Dataset content —
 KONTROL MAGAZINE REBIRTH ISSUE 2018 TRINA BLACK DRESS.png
--
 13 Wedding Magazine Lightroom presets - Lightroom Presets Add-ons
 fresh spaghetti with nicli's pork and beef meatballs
...
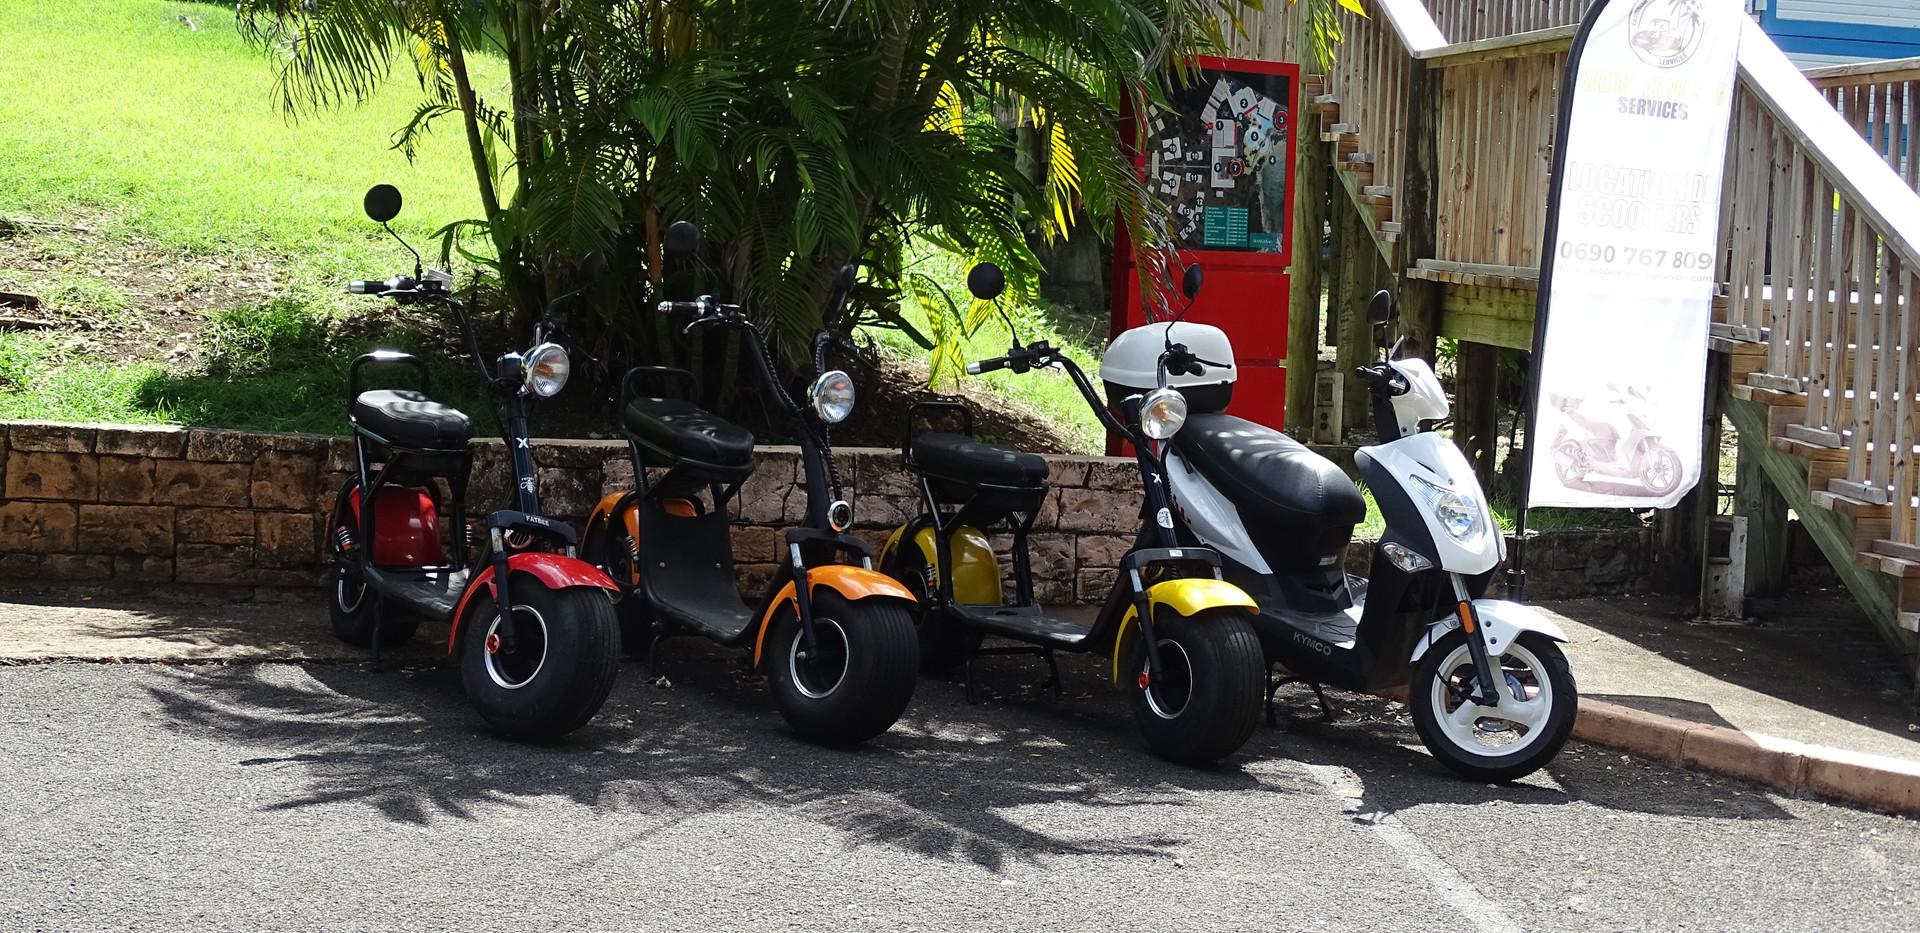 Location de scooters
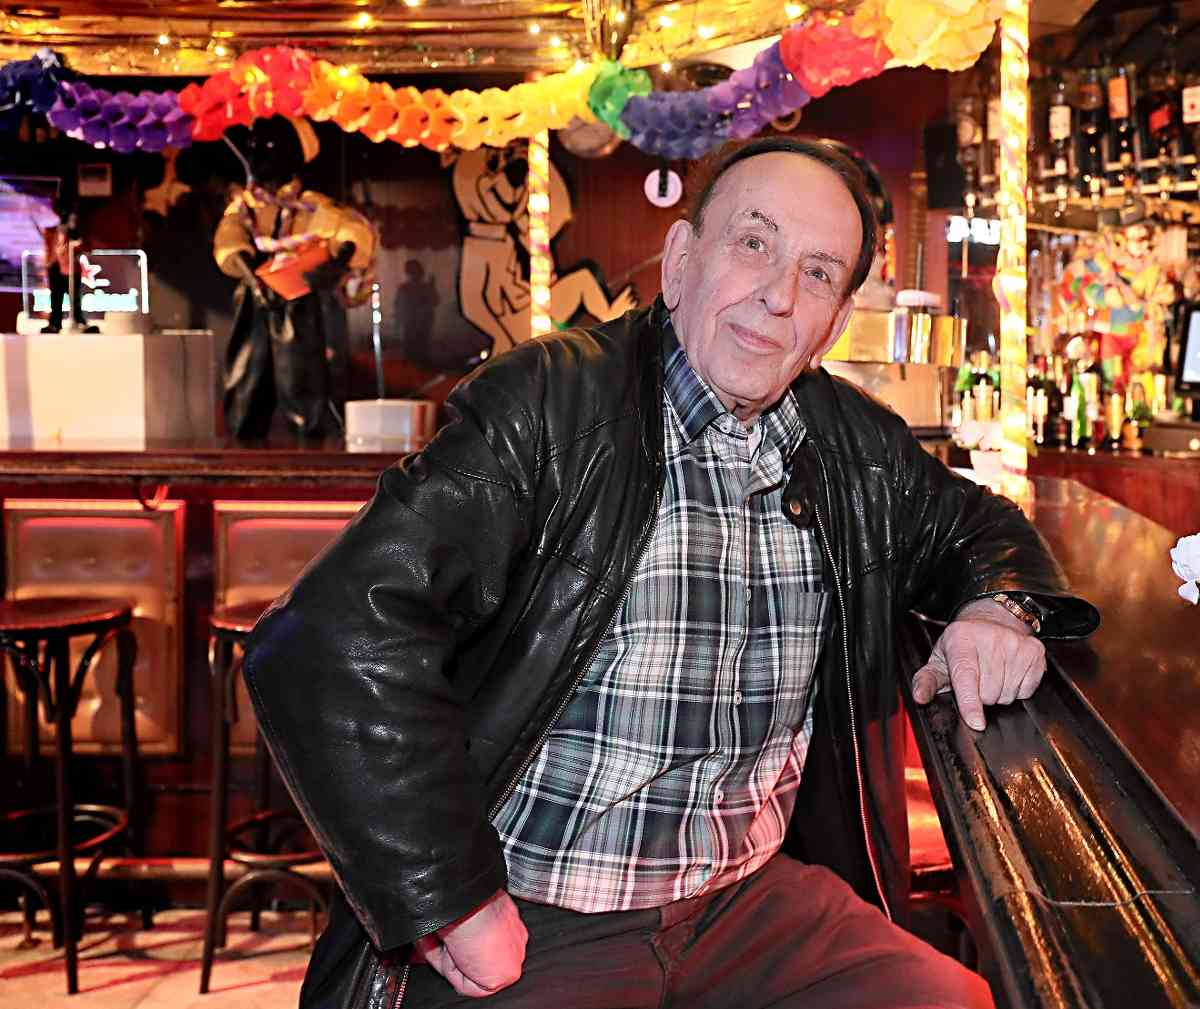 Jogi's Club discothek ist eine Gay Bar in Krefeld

Exercise prompt —
Set down exactly the lines of the data above, beginning with the line that has "13 Wedding Magazine" and ending with the line that has "fresh spaghetti with", and no others.

Exercise solution —
 13 Wedding Magazine Lightroom presets - Lightroom Presets Add-ons
 fresh spaghetti with nicli's pork and beef meatballs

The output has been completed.